I wonder what is behind this so like to be philosophical post, i would expect Joanna that you have this already sorted in your head, hm or maybe not.
One day this whole xware thing will fail anyway, because of increasing misusage (evil :) people getting profit from every hole, soft companies pushing people to their sick visions).

Anonymous said...

OSS systems give you more capabilities to manage your system and you are able better to watch your security levels. You can fix lots of bugs by yourself (changing source code, workarounds) thats different from waiting for patch from closed source :) nice that you are able to dig in, but what next? Getting money from MS that you find a hole? No thank you, this is not worthy way for me.
I would not blaim OSS developers, they are very often on much more higher level then people on the other side. Besides as you said on different post, when it comes to some fixes - more people needs to be involved because of all parts - programming, cryptology, design, etc.

Joanna Rutkowska said...

@anonymous (last one): I don't quite get your point (read your comment 3-times already).

Anonymous said...

hi there. i'm absolutely no oss fanatic (using osx to write this comment). i think you are crossing the line between logic and superstition. you say: public/legally available code != ease of inspection. c'mon... you don't really mean it, you are just trying to be "anticonformistic" your way

Joanna Rutkowska said...

@arrow: go back and re-read my post.

Anonymous said...

I would rather have a look at the source code in its entirety to determine whether it is to be trusted or not. Yes, it is all about trust when it comes to commercial proprietary software... I believe it is about who is doing the business here... I see Joanna softening her tone on Microsoft these days only because she fried this company to death over the past two good job..

Othman Esoul said...

I suggest reading Ken Thompson's article "Reflections on trusting trust ".

Anonymous said...

Nice essay, but it misses the main point: the question is not, whether it's easier to [i]break[/i] OSS security implementations or closed source security implementations; as far as i can see, this would only be a question of how smart you are. So from this point of view, preferring one over the other makes no difference.

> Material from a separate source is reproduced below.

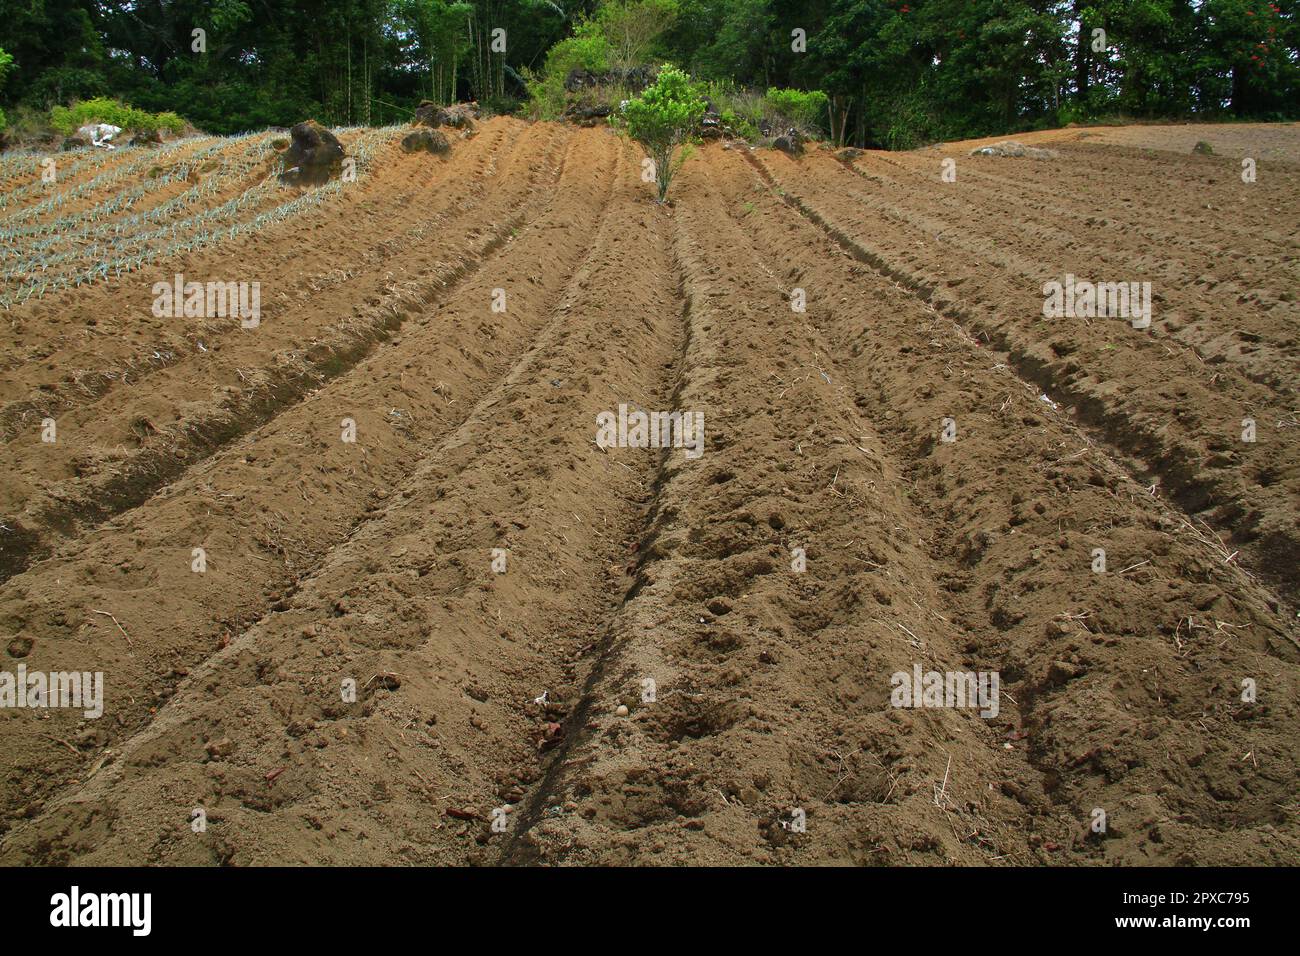 La parcelle de terre est prête à être plantée avec des légumes Banque D'Images

But OSS has one advantage, not explicitely mentioned here: despite the fact, that breaking the code makes no difference whether it is OSS or not, it is a lot easier (anybody with appropriate skills can do it) to [i]fix[/i] the code. So if you found a sec-hole, you are invited to fix it, or at least proposing, how to fix it.

So, things could be done more easily and faster.

That's why i would [i]always[/i] prefer Open Source Software over closed source. I do not distrust closed source software per se, but to get things done, it is inefficient.

Kind regards.

Anonymous said...

Maybe you would like to read this - An expert’s guide to open source software security -

Anonymous said...

@denis bider

Very late response, sorry. But I can't let your comments about code signing go unchallenged.

You said:
For a consumer, the difference between proprietary software and open source is that, in the case of proprietary software, you can expect to get a code-signed executable that someone vouches for. In the case of open source, you get a glob of code from some half-anonymous intermediary who does not vouch for anything.

C'mon, really? Many (and most of the top-used) opensource distros *do* sign their software releases.

I'm not saying that every single line of code is reviewed by each distro in question, but your statements about OSS code signing (or lack thereof) are completely false.